── RECORDED INFORMATION

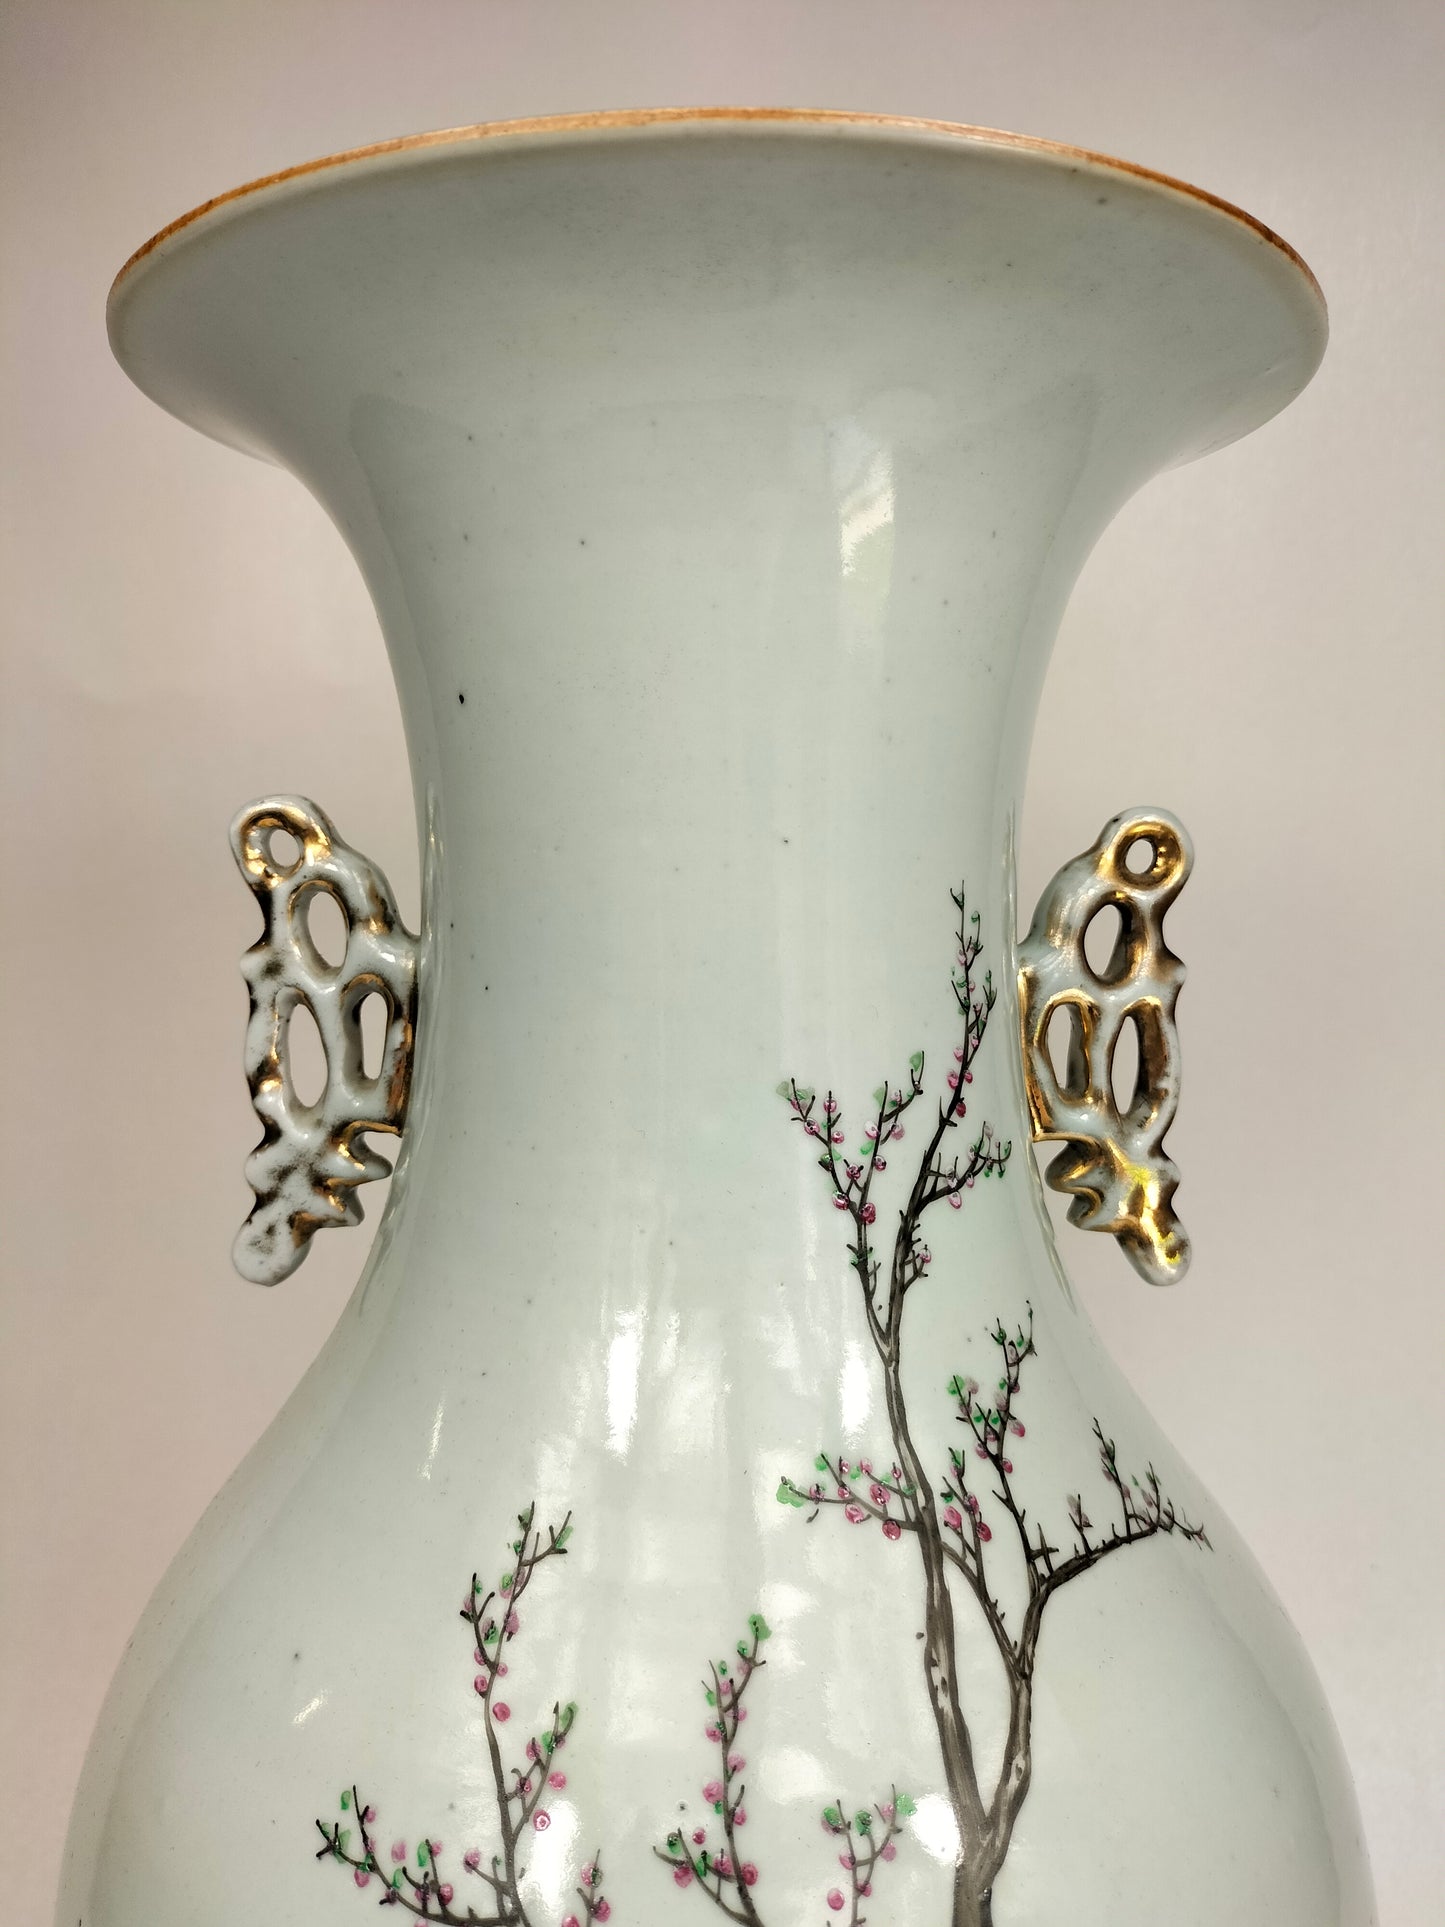 Grand vase antique chinois qianjiang à décor d'une scène de jardin // Période République (1912-1949)
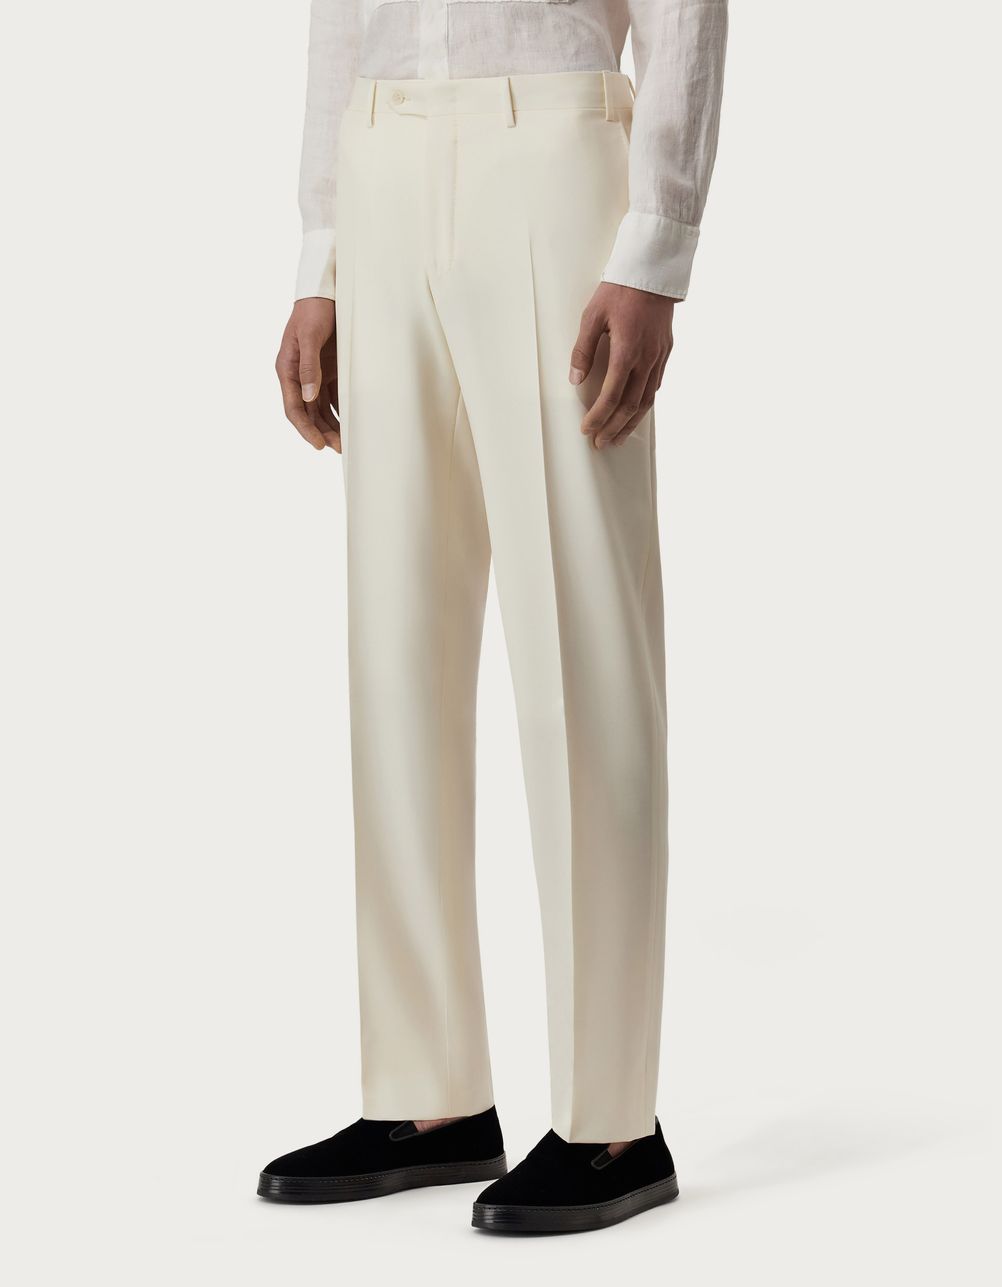 White pants in wool
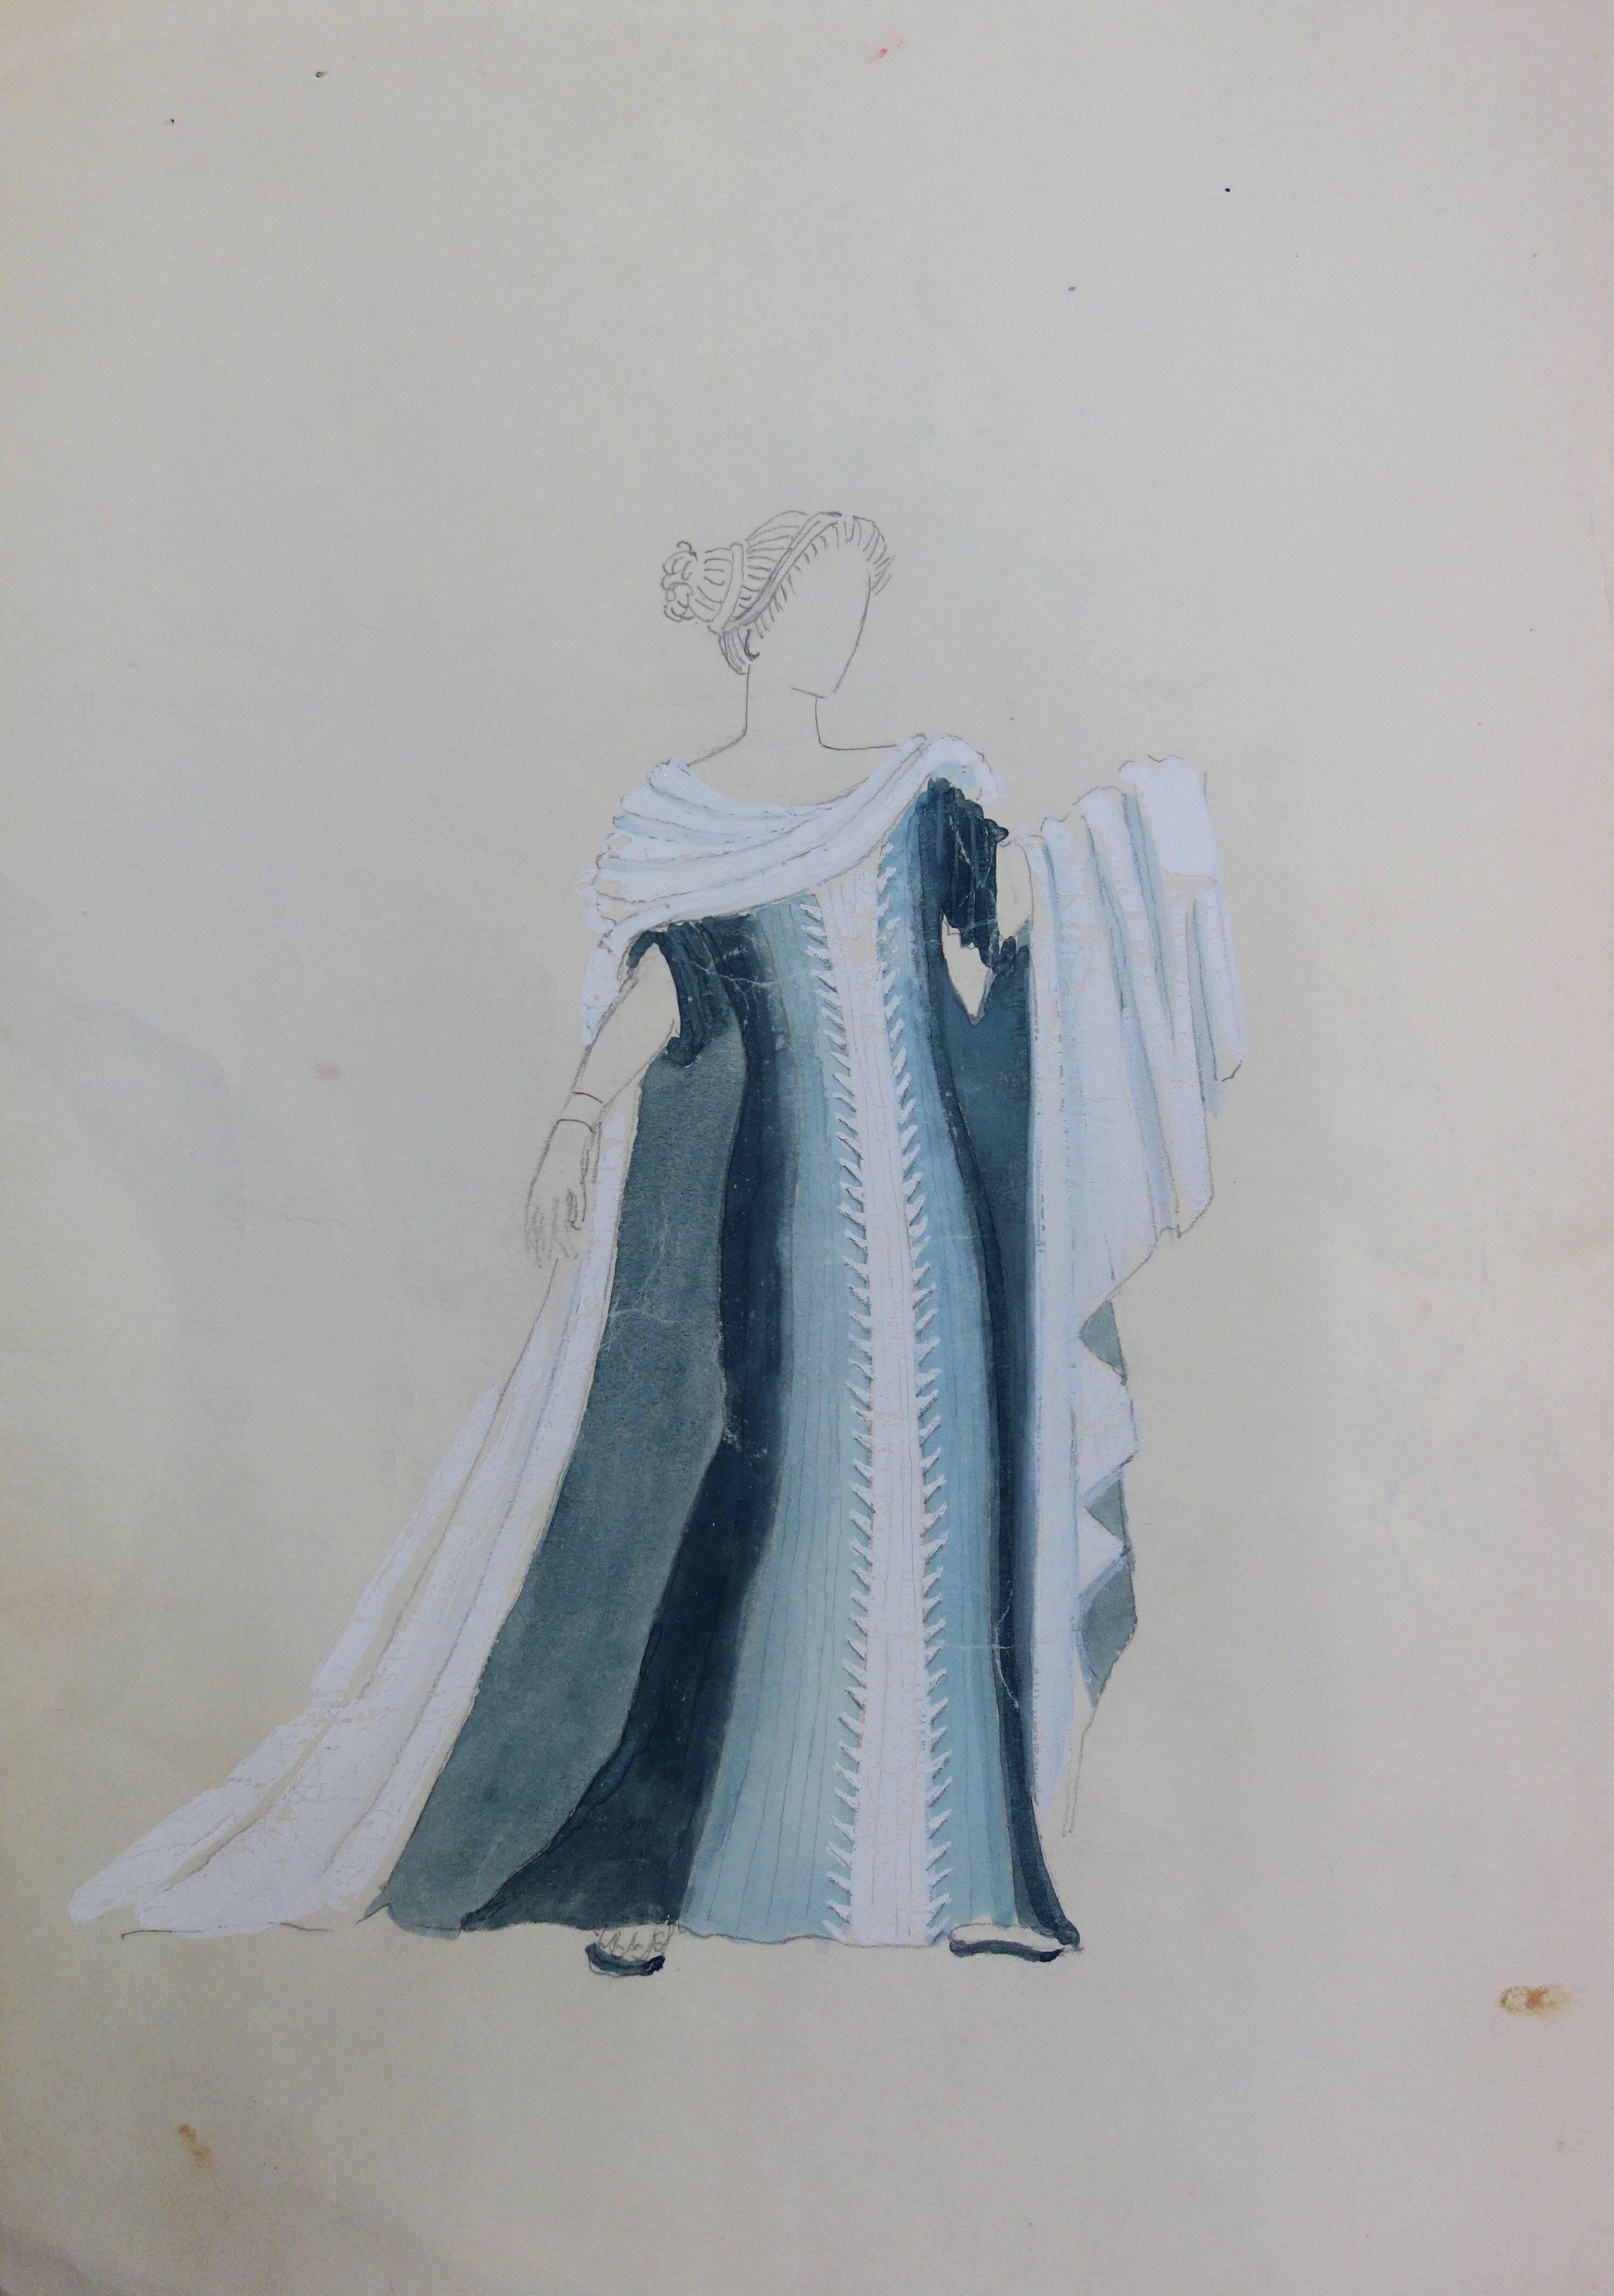 Blaues blaues Kleid: Antikes griechisches Kostüm - Original Aquarellzeichnung

────

## WHAT TO PRODUCE
Once the pictures are removed, repeat all of the data above exactly.

## SOLUTION FOR THIS EXERCISE
 Grand vase antique chinois qianjiang à décor d'une scène de jardin // Période République (1912-1949)
 White pants in wool
 Blaues blaues Kleid: Antikes griechisches Kostüm - Original Aquarellzeichnung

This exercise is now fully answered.